Vacuum-ultraviolet frequency-modulation spectroscopy
physics.chem-ph
/ Abstract
Frequency-modulation (FM) spectroscopy has been extended to the vacuum-ultraviolet (VUV) range of the electromagnetic spectrum. Coherent VUV laser radiation is produced by resonance-enhanced sum-frequency mixing ($ν_{\mathrm{VUV}}=2ν_{\mathrm{UV}}+ν_2$) in Kr and Xe using two near-Fourier-transform-limited laser pulses of frequencies $ν_{\mathrm{UV}}$ and $ν_2$. Sidebands generated in the output of the second laser ($ν_2$) using an electro-optical modulator operating at the frequency $ν_{\mathrm{mod}}$ are directly transfered to the VUV and used to record FM spectra.
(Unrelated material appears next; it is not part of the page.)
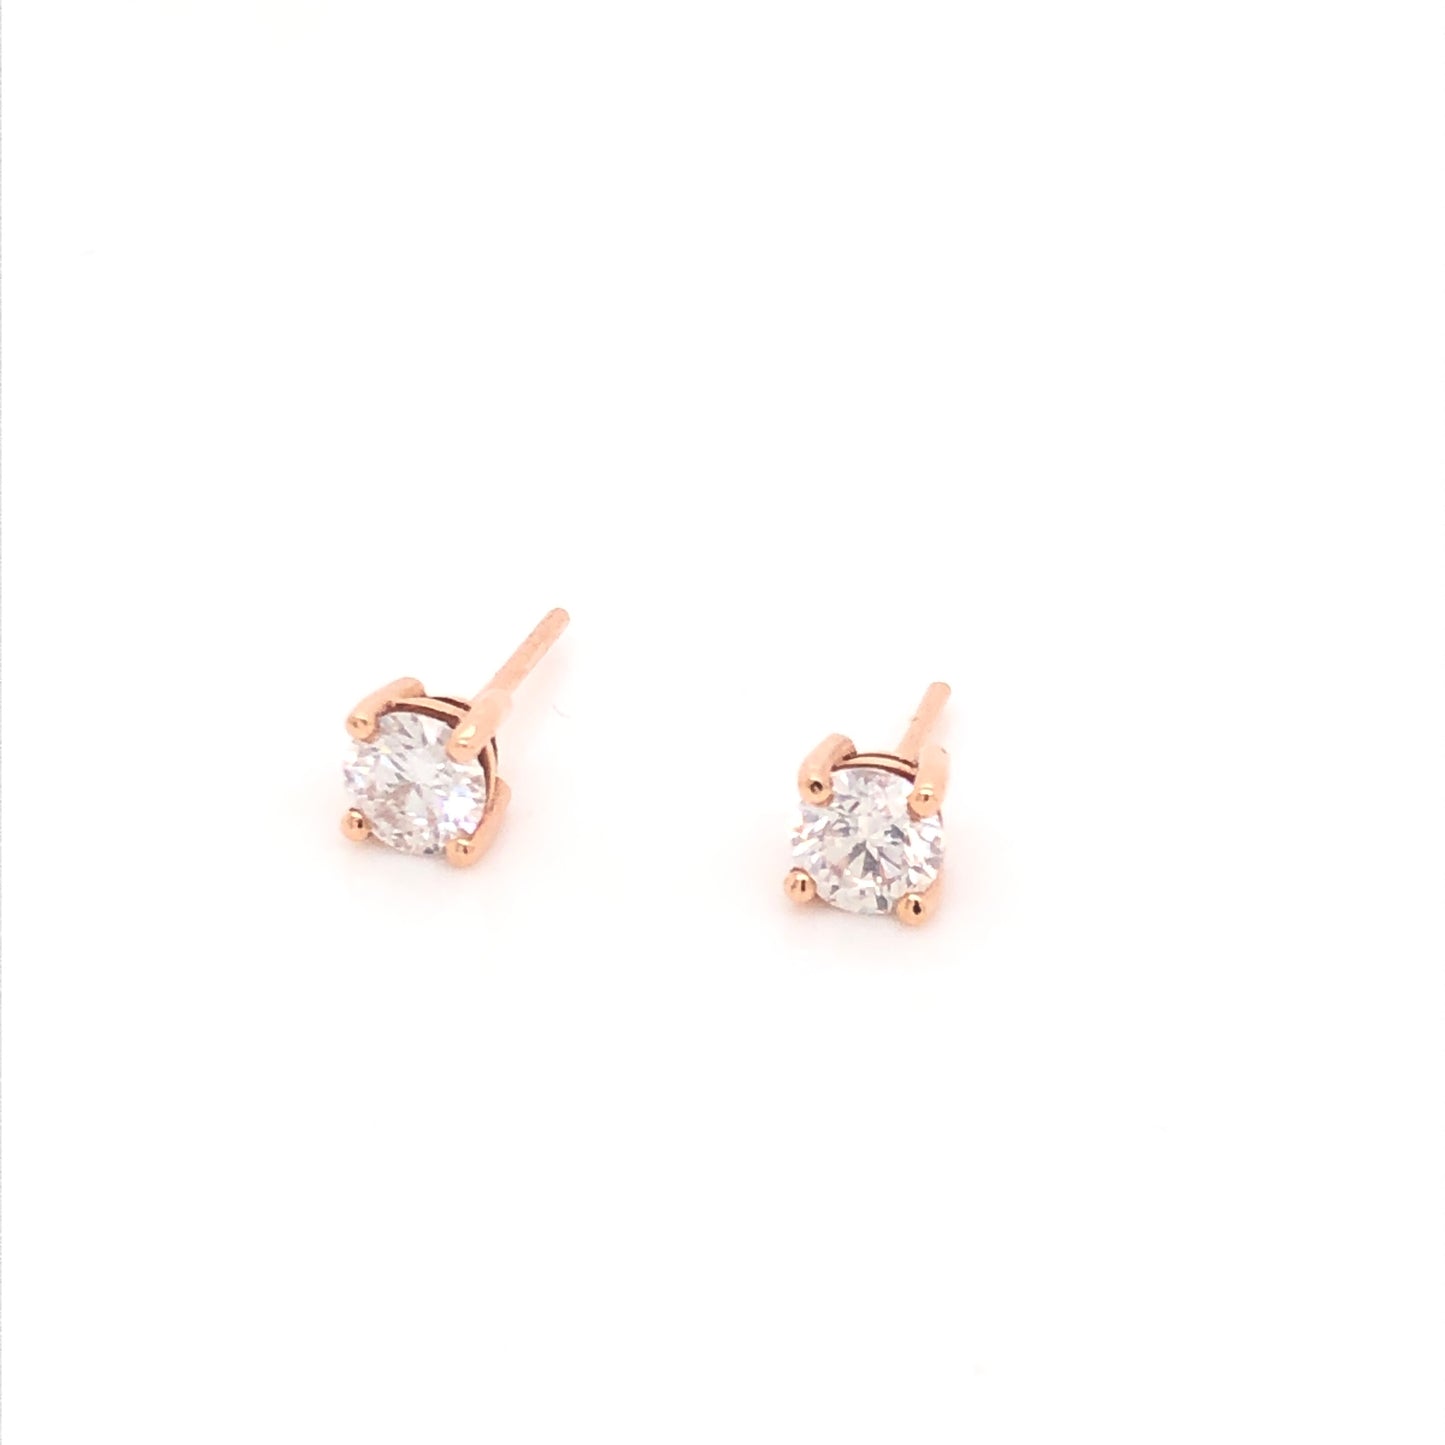 Load image into Gallery viewer, Diamond Earrings

Demodulation is demonstrated both at $ν_{\mathrm{mod}}$ and $2ν_{\mathrm{mod}}$. The main advantages of the method are that its sensitivity is not reduced by pulse-to-pulse fluctuations of the VUV laser intensity, compared to VUV absorption spectroscopy is its background-free nature, the fact that its implementation using table-top laser equipment is straightforward and that it can be used to record VUV absorption spectra of cold samples in skimmed supersonic beams simultaneously with laser-induced-fluorescence and photoionization spectra. To illustrate these advantages we present VUV FM spectra of Ar, Kr, and N$_2$ in selected regions between 105000cm$^{-1}$ and 122000cm$^{-1}$.